Torricelli Ricardo Pablo Javier Erazo
Hospital Luis Calvo Mackenna, Provencia, Santiago, Chile.
Clinica Alemana, Vitacura, Santiago, Chile.
Arq Neuropsiquiatr. 2017 Apr;75(4):248-254. doi: 10.1590/0004-282X20170026.
Acute muscle weakness in children is a pediatric emergency. During the diagnostic approach, it is crucial to obtain a detailed case history, including: onset of weakness, history of associated febrile states, ingestion of toxic substances/toxins, immunizations, and family history. Neurological examination must be meticulous as well. In this review, we describe the most common diseases related to acute muscle weakness, grouped into the site of origin (from the upper motor neuron to the motor unit). Early detection of hyperCKemia may lead to a myositis diagnosis, and hypokalemia points to the diagnosis of periodic paralysis. Ophthalmoparesis, ptosis and bulbar signs are suggestive of myasthenia gravis or botulism. Distal weakness and hyporeflexia are clinical features of Guillain-Barré syndrome, the most frequent cause of acute muscle weakness. If all studies are normal, a psychogenic cause should be considered. Finding the etiology of acute muscle weakness is essential to execute treatment in a timely manner, improving the prognosis of affected children.
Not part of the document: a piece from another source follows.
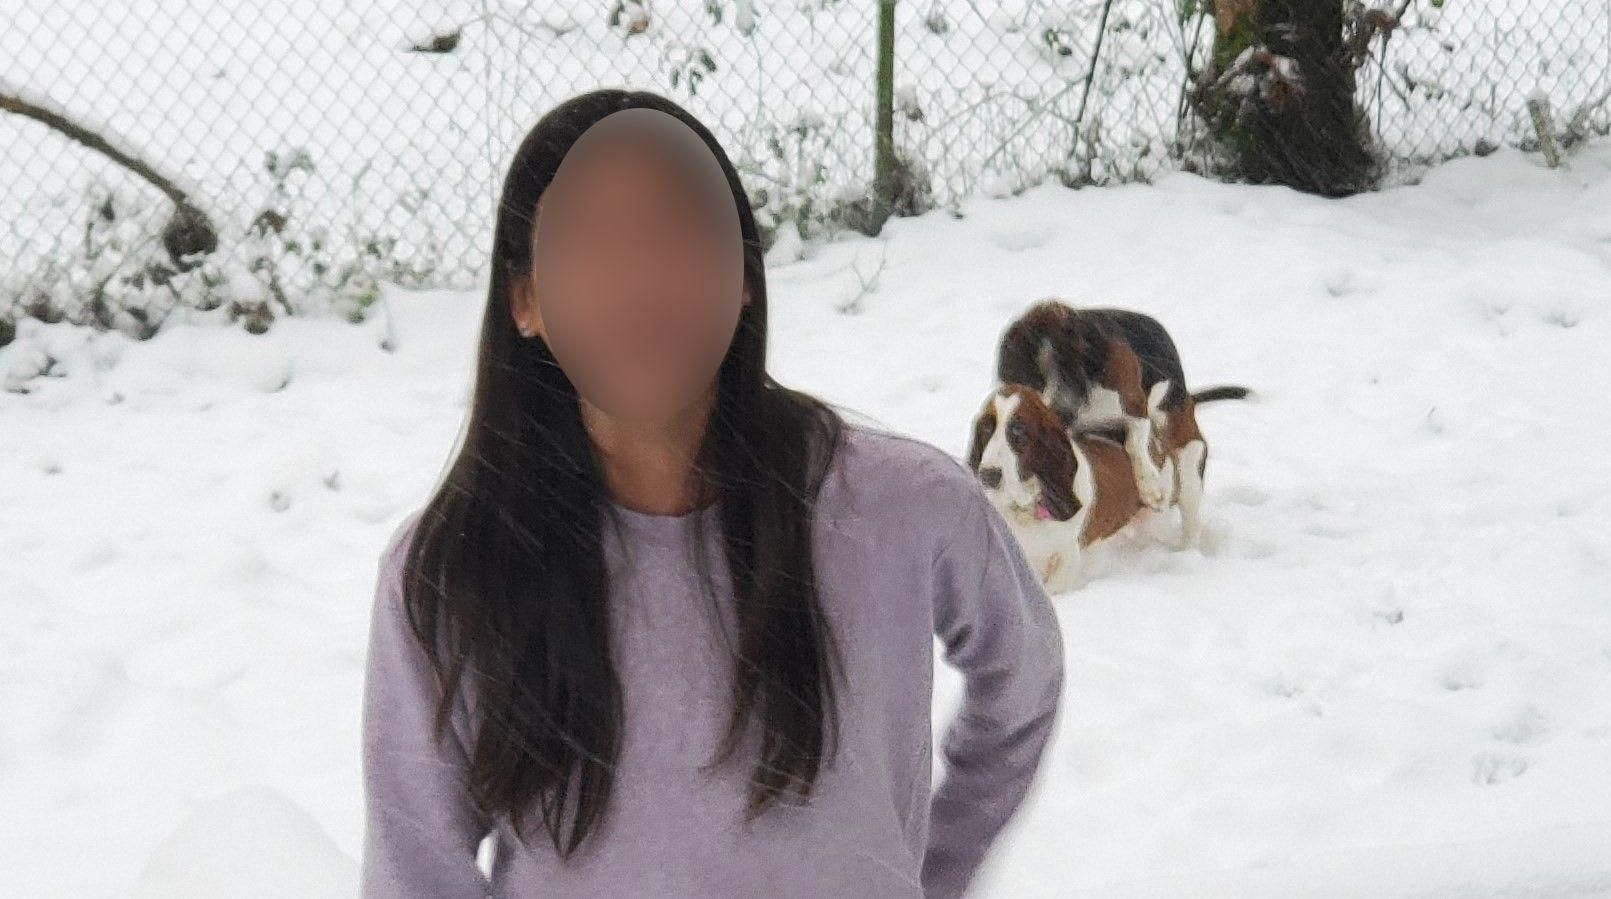 My daughter asked me to take a pic of her in the snow for her Instagram. Okay!

儿童急性肌无力是一种儿科急症。在诊断过程中,获取详细的病史至关重要,包括:肌无力的发作情况、相关发热状态史、有毒物质/毒素摄入史、免疫接种史及家族史。神经系统检查也必须细致入微。在本综述中,我们描述了与急性肌无力相关的最常见疾病,按起源部位(从上运动神经元到运动单位)进行分类。早期发现高肌酸激酶血症可能提示肌炎诊断,低钾血症则指向周期性麻痹的诊断。眼肌麻痹、上睑下垂和延髓体征提示重症肌无力或肉毒中毒。远端肌无力和反射减退是吉兰 - 巴雷综合征的临床特征,吉兰 - 巴雷综合征是急性肌无力最常见的病因。如果所有检查均正常,则应考虑精神性病因。找到急性肌无力的病因对于及时进行治疗、改善患病儿童的预后至关重要。